Summarizing my problem:

  • I have big data with many columns (after cleaning up) and many rows (around 800'000)
  • Many discrete variables, which after one hot encoding I will have in total, around 300 columns
  • mod.rapidminer.com only sugest me to use: KNN (discarding Neural Networks) but I need to do predictions in 1 sec of less and KNN takes longer than that (so, this is not an option)
  • Neural Networks is suspicious to don't like too much the one hot encoding because binary values but in the other hand (even though it takes a while for its training) the prediction time is immediate

Is any better algorithm than Neural Networks using one hot encodingto get a prediction time in1 sec` or less?

Thanks!

Just in case, I'm going to put on the table the following thought from:

Adriana Santos-Caballero
University of Barcelona
To go to the original post, please click here.

Whether to convert input variables to binary depends on the input variable. You could think of neural network inputs as representing a kind of "intensity": i.e., larger values of the input variable represent greater intensity of that input variable. After all, assuming the network has only one input, a given hidden node of the network is going to learn some function f(wx+b). where f is the transfer function (e.g. the sigmoid) and x the input variable.

This setup does not make sense for categorical variables. If categories are represented by numbers, it makes no sense to apply the function f(wx+b) to them. E.g. imagine your input variable represents an animal, and sheep=1 and cow=2. It makes no sense to multiply sheep by w and add b to it, nor does it make sense for cow to be always greater in magnitude than sheep. In this case, you should convert the discrete encoding to a binary, 1-of-k encoding.

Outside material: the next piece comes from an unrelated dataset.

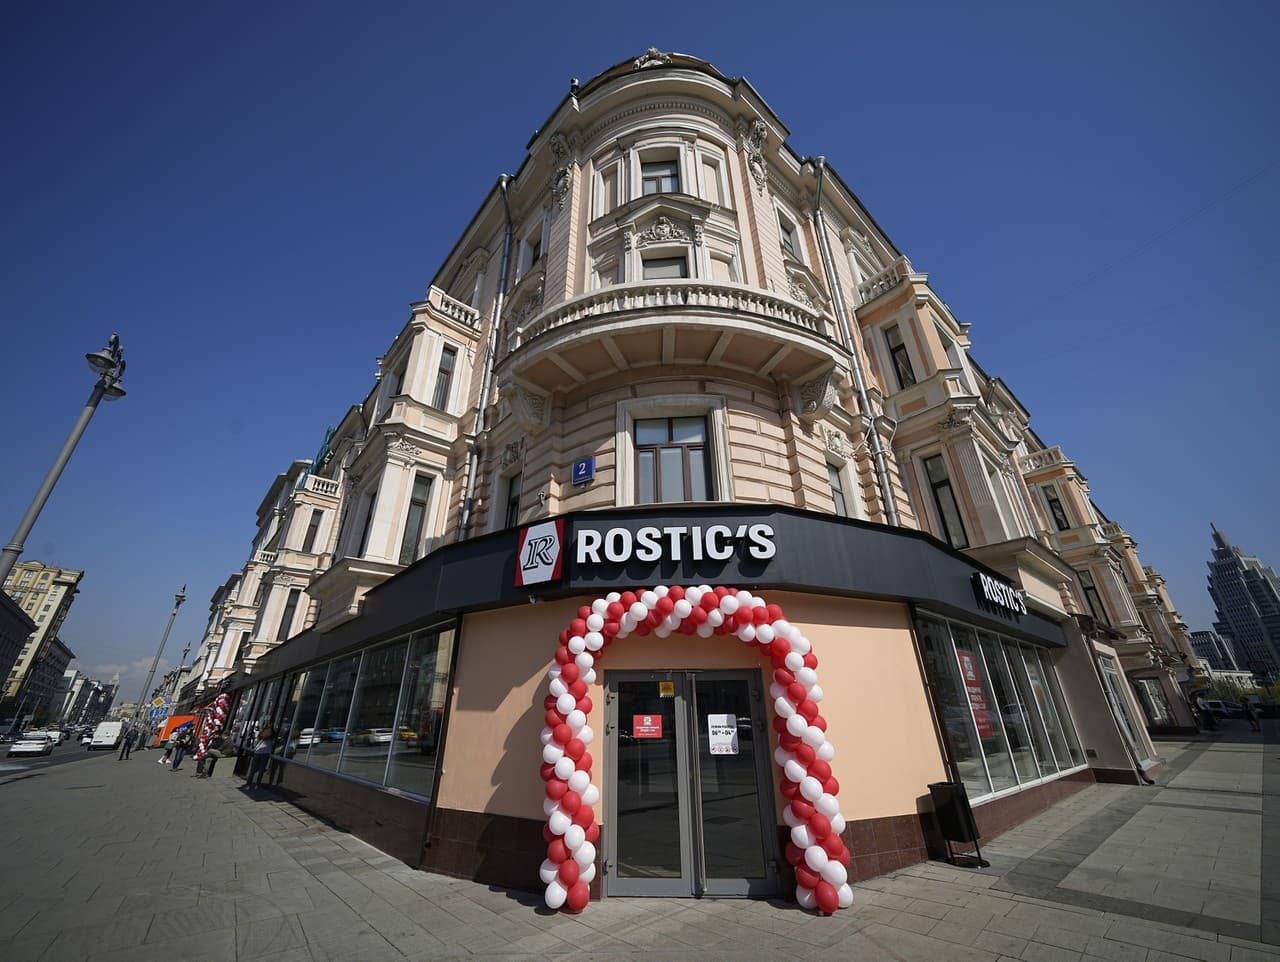 Reštaurácia s rýchlym občerstvením Rostic's, ktorú otvorili v Moskve

For real-valued variables, just leave them real-valued (but normalize inputs). E.g. say you have two input variables, one the animal and one the animal's temperature. You'd convert animal to 1-of-k, where k=number of animals, and you'd leave temperature as-is.

https://stats.stackexchange.com/questions/33083/how-to-deal-with-a-mix-of-binary-and-continuous-inputs-in-neural-networks

That thought makes me a bit unhappy because Neural Networks was my first option for the prediction (bear in mind my prediction time limit of: 1 sec)

Thanks!

This topic was automatically closed 21 days after the last reply. New replies are no longer allowed.